From: Andrey Zonov <andrey.zonov@gmail.com>
To: linux-scsi@vger.kernel.org
Subject: SCSI: race condition between scsi_remove_target and scsi_probe_and_add_lun
Date: Thu, 20 Mar 2014 22:12:17 -0700 [thread overview]
Message-ID: <532BCA31.20902@gmail.com> (raw)
Hi,
I've got kernel panic on my box which works as FibreChannel initiator.

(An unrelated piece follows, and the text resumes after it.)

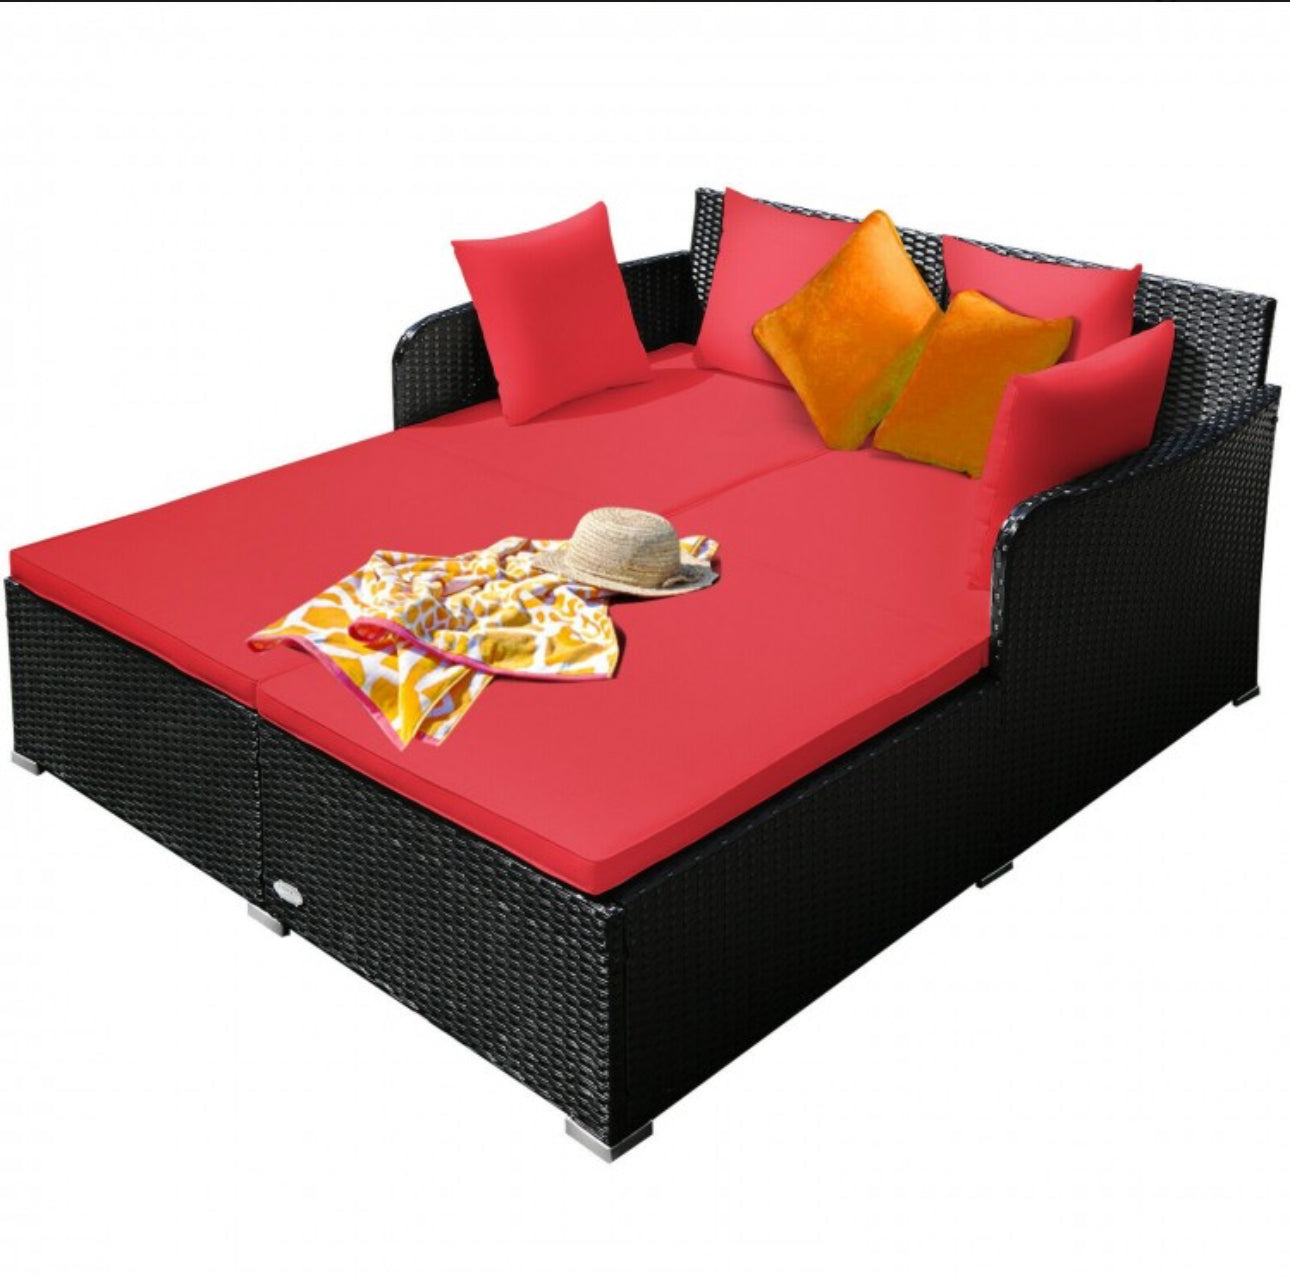 Very Relaxing XXL Spacious Outdoor Rattan Patio Day Bed | Upholstered Extremely Comfortable Cushions, Pillows | Sectional Furniture Set

I was able to reproduce this panic by setting dev_loss_tmo=2 and
enabling/disabling ports every 5 seconds on the switch in 5 minutes. I
added some debug points in the kernel code and that's what I've got so far:
1. system is inserting new device into __devices list
DEBUG: scsi_sysfs_device_initialize(): sdev=ffff88046a931000 7:0:5:0
Pid: 910, comm: kworker/u:2 Tainted: P O 3.2.48-swt9004 #33
Call Trace:
[<ffffffff81245c42>] ? scsi_alloc_sdev+0x1d2/0x240
[<ffffffff8123d4bd>] ? scsi_device_lookup_by_target+0x8d/0xc0
[<ffffffff8124623a>] ? scsi_probe_and_add_lun+0x42a/0xb20
[<ffffffff811acb7d>] ? kobject_set_name_vargs+0x6d/0x80
[<ffffffff81230b4f>] ? dev_set_name+0x3f/0x50
[<ffffffff811ac782>] ? kobject_get+0x12/0x20
[<ffffffffa000b3e4>] ? fc_host_match+0x14/0x70 [scsi_transport_fc]
[<ffffffff8123726f>] ? attribute_container_add_device+0x4f/0x160
[<ffffffff811ac782>] ? kobject_get+0x12/0x20
[<ffffffff812304e4>] ? get_device+0x14/0x20
[<ffffffff812459c5>] ? scsi_alloc_target+0x295/0x2d0
[<ffffffff81230bca>] ? device_release+0x1a/0x80
[<ffffffff81246bce>] ? __scsi_scan_target+0xce/0x5f0
[<ffffffff8102ec22>] ? dequeue_task_fair+0x52/0x150
[<ffffffff8139a91d>] ? __schedule+0x25d/0x7d0
[<ffffffff812477b6>] ? scsi_scan_target+0xc6/0xe0
[<ffffffffa000e75f>] ? fc_scsi_scan_rport+0xaf/0xc0 [scsi_transport_fc]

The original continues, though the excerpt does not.